Using social media for some aspects of customer service is a train wreck waiting to happen because:

  • Social media is too broad and not targeted. Consumers who tweet complaints aren’t even complaining to the right people.  Their complaints bounce around the Twittersphere to their followers.  (I’ll bet there are a lot of readers who are unfamiliar with the Twittersphere because, let’s face it, if NASA couldn’t find it, how can we expect the public to know its whereabouts?  Novices should link here to learn more.)  Social media, like other forms of media, focuses on bad news.  After a while the issue becomes one of noise and perception.  Can your team answer each derogatory tweet one for one?  Retractions or corrections are given very little air time.  Do the people who trash you in public also praise you in public?  And even if they do, are those words likely to be spread around as much as the negatives?
  • Social media sets unrealistic expectations around speed and quality. Would customers like being supported via social media?  Possibly.  After all, the support is faster.  But the cost required to respond to each tweet would overwhelm the profitability of any business.  All you’d need was one dagger from a pseudo-celebrity and the resulting storm could swamp a company.  And just because the medium is fast doesn’t make it valuable.  Customers are already trained to use existing methods like email and phone calls.  Consumers have expectations around how quickly someone will answer their question, or refund their money, or assist them as they purchase a product.  Becoming fast is an admirable goal, but one that comes at too steep a cost.
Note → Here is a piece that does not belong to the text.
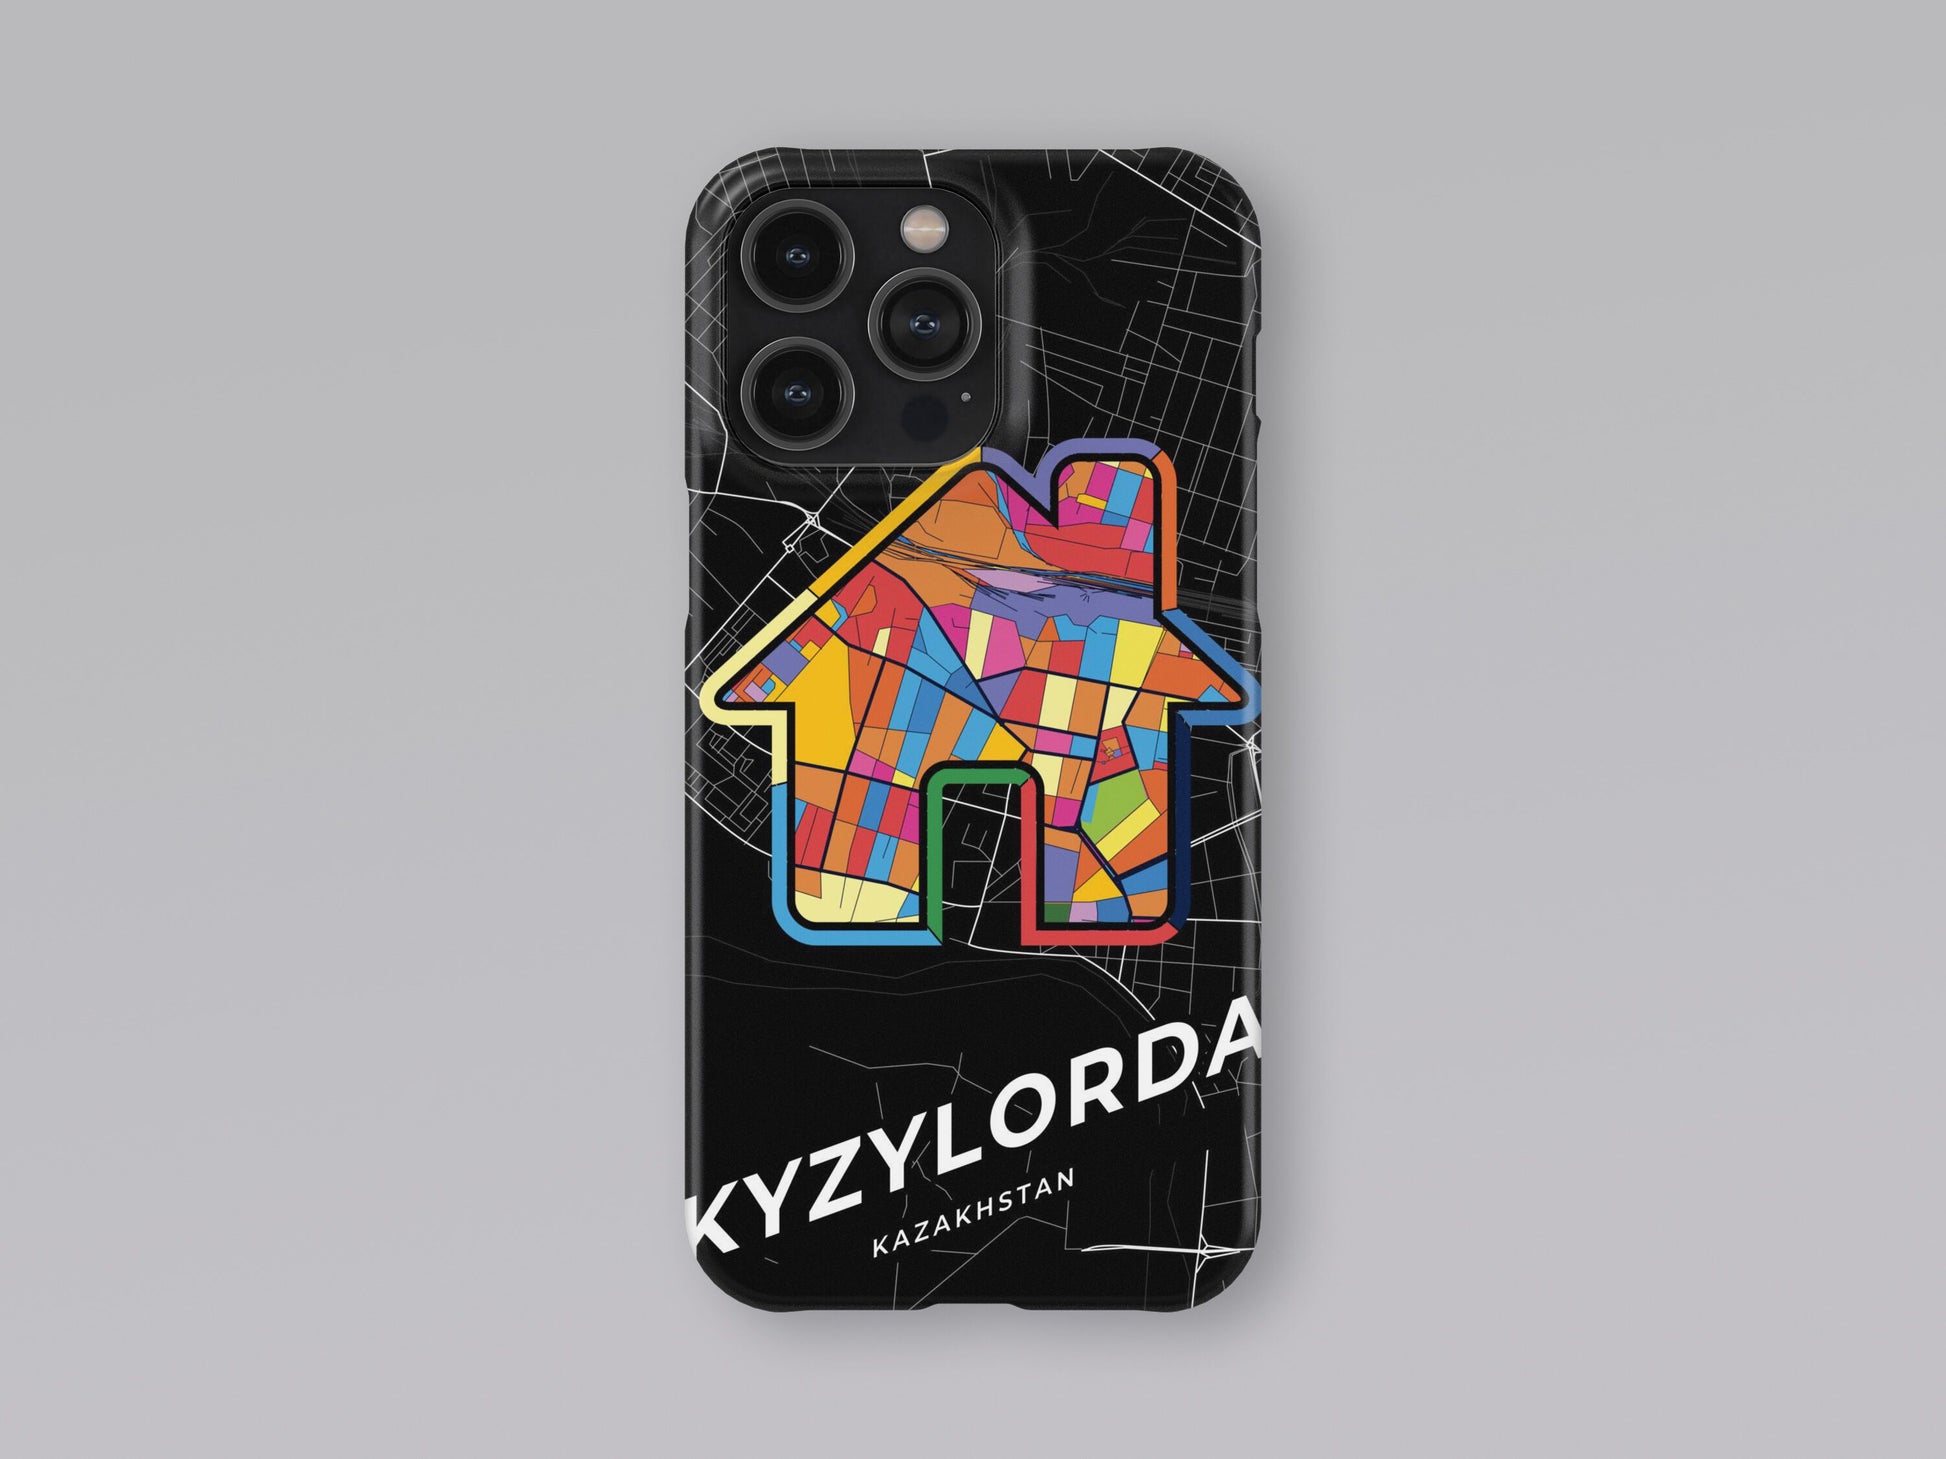 Kyzylorda Kazakhstan slim phone case with colorful icon. Birthday, wedding or housewarming gift. Couple match cases. 3

Despite these objections (which I classify as the wrong tool for the job) social media can help in customer service:

  • Spotting Trends. Are there particular products or services that receive negative “press”?  My same comment about H-P printer cartridges, when gropued with other similar complaints is a good way for the company to distinguish between a systemic problem and a peeved customer.
  • Seeking Input on a Topic and Creating Communities of Interest. Where should we open our next store?  Opening a dialogue to get customers feedback is a valuable way to make smarter investments.  After all, a customer willing to pay for a feature is perfect market research.  One of the more noteworthy communities in the last 12 months has been the fund-raising efforts for Haitian disaster relief.

The pivot point is to ignore specific complaints and instead align your social media customer support strategy to spotting trends and open avenues of dialogue/discourse.  Then make course corrections to smooth the bumpy aspects of your products/services.

What role should social media play in customer service?